Moreover, liability may not be imposed under § 1983 on the traditional standards of respondeat superior. Capone v. Marinelli, 868 F.2d 102, 106 (3d Cir. 1989) (citing Hampton v. Holmesburg Prison Officials, 546 F.2d 1017, 1082 (3d Cir. 1976)). In Capone, the court noted "that supervisory personnel are only liable for the § 1983 violations of their subordinates if they knew of, participated in or acquiesced in such conduct." 868 F.2d at 106 n.7. The plaintiff must allege that the defendant was personally involved in the events or occurrences that underlie the claim. See Atkinson v. Taylor, 316 F.3d 257, 270-71 (3d Cir. 2003); Rode v. Dellarciprete, 845 F.2d 1195, 1207 (3d Cir. 1988) ("[a] defendant in a civil rights action must have personal involvement in the alleged wrongs. . . . [P]ersonal involvement can be shown through allegations of personal direction or of actual knowledge and acquiescence. Allegations of participation or actual knowledge and acquiescence, however, must be made with appropriate particularity.").

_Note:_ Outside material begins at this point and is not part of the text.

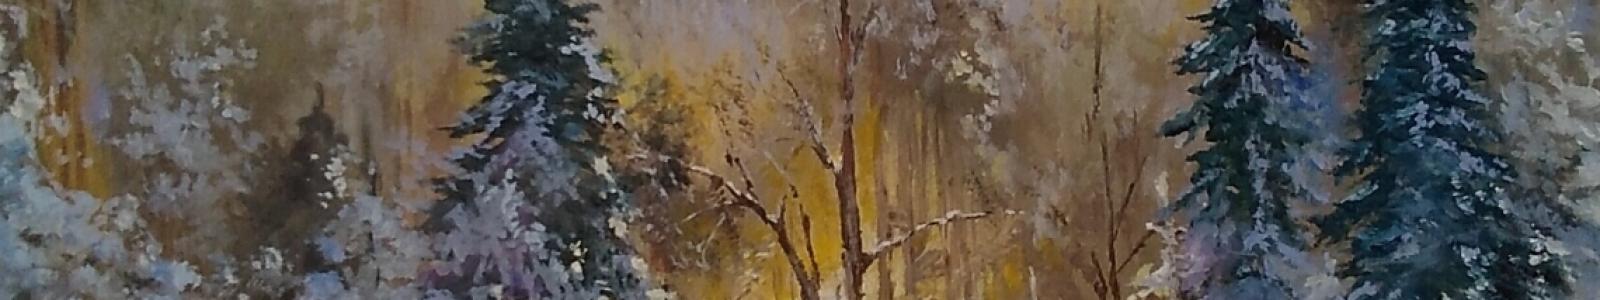 Gallery Painter Yury Apoyants

In the instant action, Defendants do not contest that Muhammad suffered injuries in a surprise attack by inmate Anderson. (Doc. 19, p. 1; Doc. 26, p. 3). Defendants argue that summary judgment is warranted because Muhammad failed to present evidence that Defendant Mahally was aware that inmate Anderson presented a specific risk of harm, and "[t]here is nothing in the record showing that Mahally had any information or knowledge about Anderson, or that Muhammad spoke to Mahally." (Doc. 19, p. 8). In response, Muhammad asserts that he informed "prison staff" of his desire to be moved to a different cell on the first day he was placed in a cell with Anderson. (Doc. 23, pp. 4-5). Because he made this request to "prison staff," Muhammad appears to imply that Defendant Mahally knew of a specific risk of being housed with inmate Anderson and failed to effectuate a cell transfer. (Id.). However, Muhammad has presented no evidence that Defendant Mahally knew of this request, or participated in or possessed any actual knowledge of the threat posed by being celled with Anderson, upon which a reasonable jury could conclude that he is liable for failing to protect Muhammad.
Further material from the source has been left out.